Regulation of proteolytic enzyme activities in muscles practice and hypothesis.

作者信息

Sohár I

机构信息

Department of Biochemistry, Szent-Györgyi A. Medical University, Szeged, Hungary.

出版信息

Acta Biol Hung. 1991;42(1-3):183-201.

PMID:1844310
Abstract

Two weeks of immobilization in shortened state caused 50% decrease in muscle mass and an increase in lysosomal proteinase activities. In this study causes of elevated protease activities in muscle are studied. Many factors could play a role in these elevated proteinase activities. We have found that redox state, ATP content, fuel supply and glucocorticoid receptor number were important in this period. Testosterone, insulin or proteinase inhibitors were not proved to play role in elevated proteinase activities. These practical results are explained by the results achieved in other types of cells.
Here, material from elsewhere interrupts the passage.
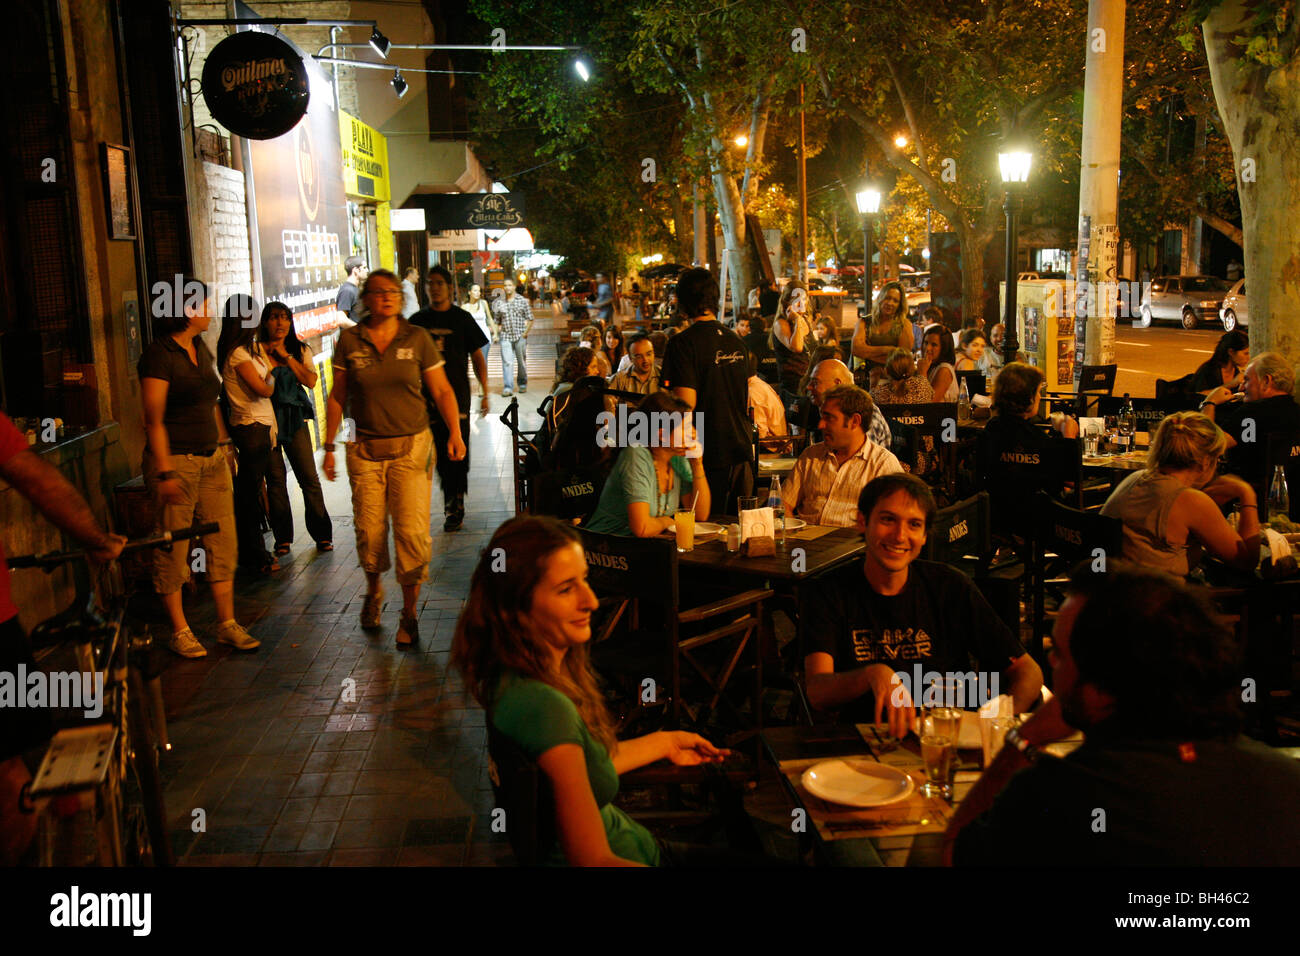 Outdoors cafe on Aristides Villanueva were some of the city best bars and restaurants are located, Mendoza, Argentina. Stock Photo
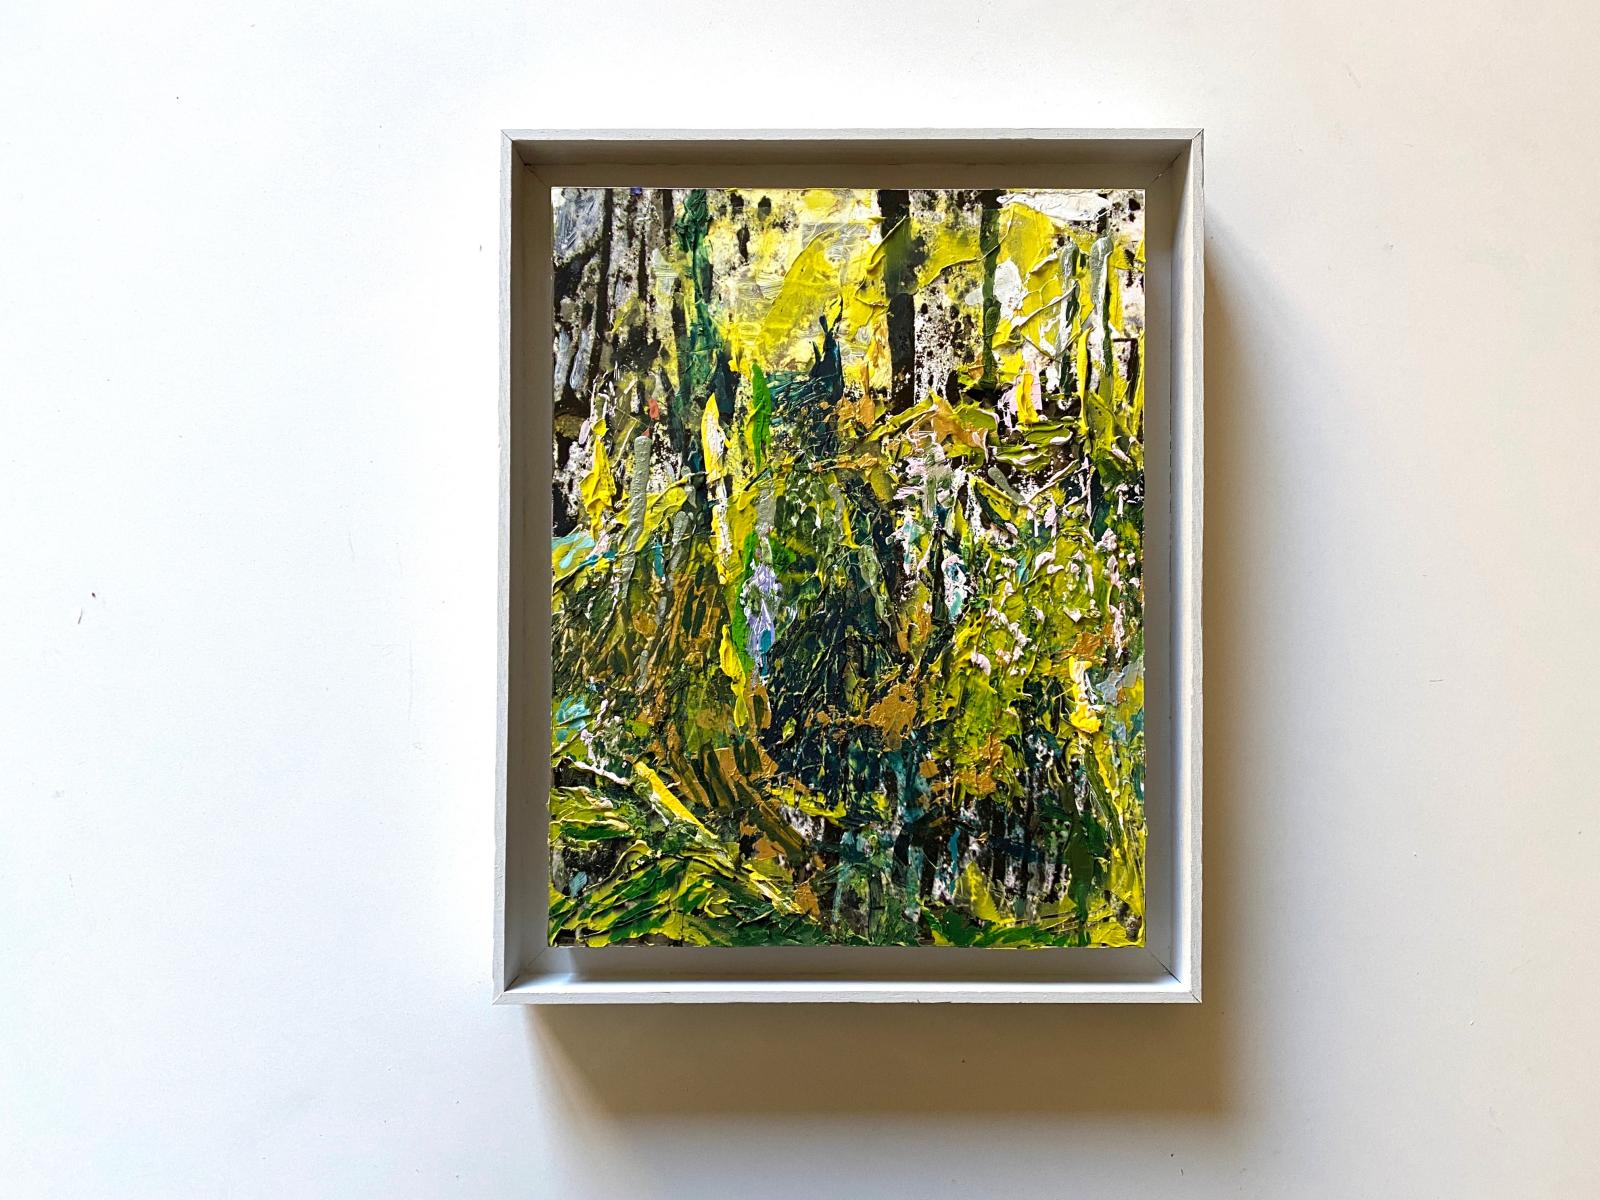 ORIGINS | "Evergreen" | Scale view with artist's frame

We conclude that changes in redox potential and/or oxygen free radical content of muscle elements can cause a post-translational covalent modification of cysteine proteinases and -SH dependent metalloproteinases, leading thereby to their activation. Lysosomal cysteine proteinases can activate procathepsin D that can damage lysosomal cysteine proteinase inhibitors and in another path it activates procathepsin B, L and H reversely. This feed-back regulation and the activation of cysteine proteinases by metalloproteinases might accelerate the proteinase activities in skeletal muscles.

摘要

在缩短状态下固定两周导致肌肉质量下降50%,溶酶体蛋白酶活性增加。在本研究中,对肌肉中蛋白酶活性升高的原因进行了研究。许多因素可能在这些升高的蛋白酶活性中起作用。我们发现,氧化还原状态、ATP含量、燃料供应和糖皮质激素受体数量在此期间很重要。睾酮、胰岛素或蛋白酶抑制剂未被证明在升高的蛋白酶活性中起作用。这些实际结果可以通过在其他类型细胞中获得的结果来解释。我们得出结论,肌肉成分的氧化还原电位和/或氧自由基含量的变化可导致半胱氨酸蛋白酶和-SH依赖性金属蛋白酶的翻译后共价修饰,从而导致它们的激活。溶酶体半胱氨酸蛋白酶可激活组织蛋白酶D原,其可破坏溶酶体半胱氨酸蛋白酶抑制剂,并且在另一条途径中它可反向激活组织蛋白酶B、L和H。这种反馈调节以及金属蛋白酶对半胱氨酸蛋白酶的激活可能会加速骨骼肌中的蛋白酶活性。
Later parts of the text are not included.